1724 cantata by Johann Sebastian Bach

Johann Sebastian Bach composed the church cantata Was Gott tut, das ist wohlgetan (What God does is well done), BWV 99, in Leipzig for the 15th Sunday after Trinity and first performed it on 17 September 1724. The chorale cantata is based on the hymn "Was Gott tut, das ist wohlgetan" by Samuel Rodigast (1674).

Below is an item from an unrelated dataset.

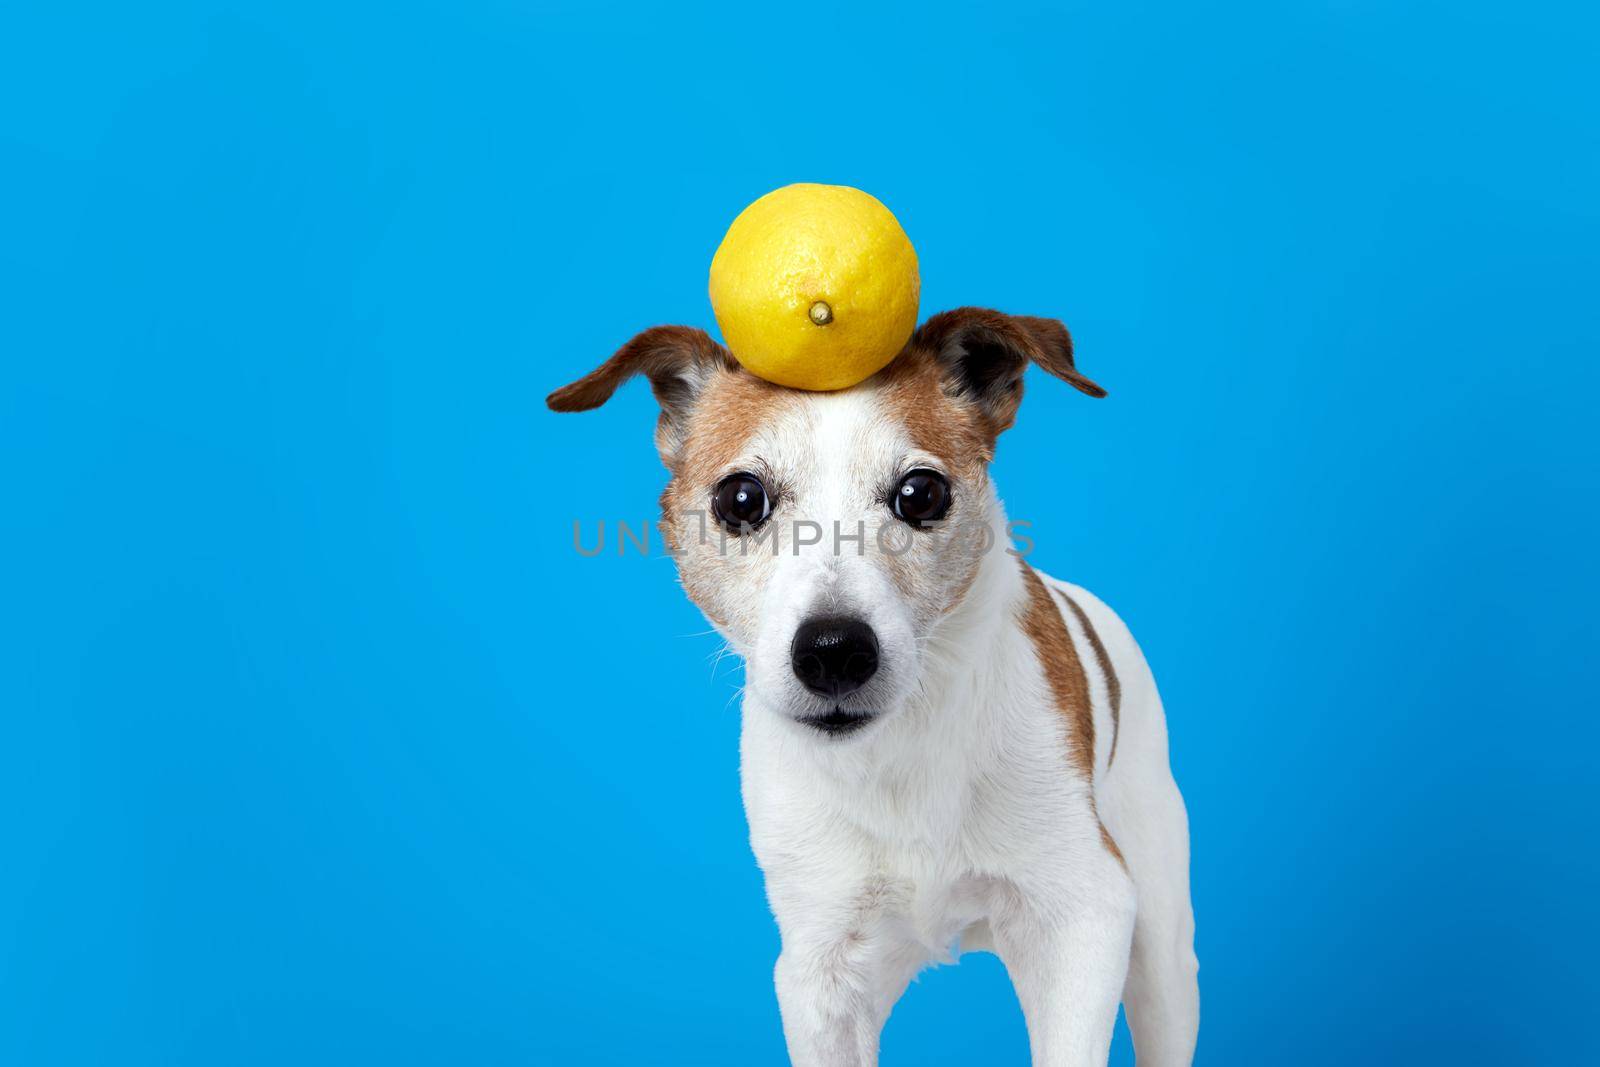 Funny dog with lemon on head blue background by Demkat

Was Gott tut, das ist wohlgetan belongs to Bach's chorale cantata cycle, the second cycle during his tenure as Thomaskantor that began in 1723. The text retains the first and last stanza of the hymn unchanged, while the text of the inner stanzas was paraphrased by an unknown librettist into a sequence of four movements of alternating recitatives and arias, retaining some lines from the original chorale. The first movement is a chorale fantasia, and the work is closed by a four-part chorale setting.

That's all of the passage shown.